Many of them are mothers who have conceived, but lost. Who have loved, cared for, bathed, changed, and rocked someone else’s child because of their deep love for them. Mothers who have prayed for, cried over, and put hours and years and thousands of dollars into trying to become pregnant with the child they’ve dreamed of. Who have invested into, suffered for, and mothered their children long before their babies were ever in their arms. They are mothers who are still waiting on the child who has been promised to them once the paperwork goes through. Who carried their child in the womb only for a short time. Who only got to see their child turn 5 but not 6.

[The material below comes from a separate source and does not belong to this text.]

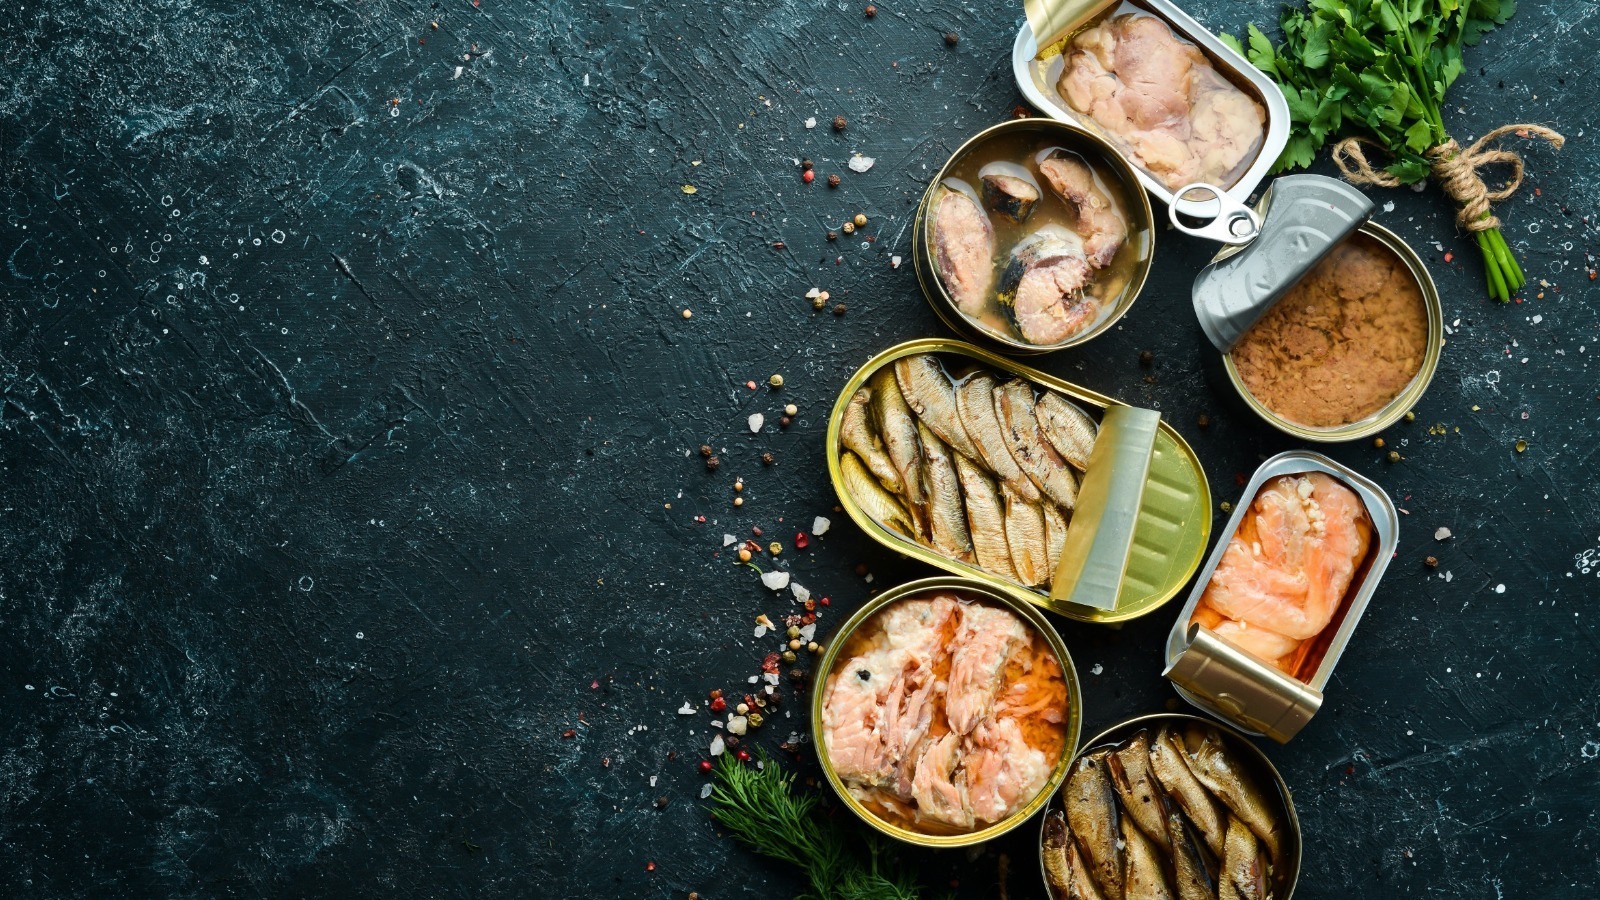 15 Ways To Use Canned Seafood To Improve Your Cooking

Most of these women don’t look like mothers. They don’t have children to dress up on Sunday morning. They don’t get a flower at church. They don’t have kids to take photos with or get homemade cards from. They don’t have their child’s initials displayed around their neck.
But they are mothers. They have a mother’s heart. Her intuition. Her dedication. Her love. Her commitment.
So today I celebrate these beautiful women. This is some of the most sacrificial love I’ll ever see and have ever experienced myself. Because when you’re a mother like this, you’ve learned how to pour out love and hope and perseverance in the midst of deep grief.
And there’s not many things more motherly than that.
Janisha Bessiake says
Congratulations on Releasing your Blog. First, Let me say that I’m so proud of you for creating this. It’s so you! Bright. warm, and Beautiful. The page looks so amazing. I literally love everything about it. It Looks so professional. 2nd You write so well. 3rd, personally speaking. I know the work it took and the journey you had to go through to write everything that you have and is going to write. It takes boldness and courage to talk about these things. But God has graced you t be able to talk about the hard things so gracefully. Looking forward to many great conversations. I will def keep your family in my prayers, and I wish this blog is greater than you could possibly imagine.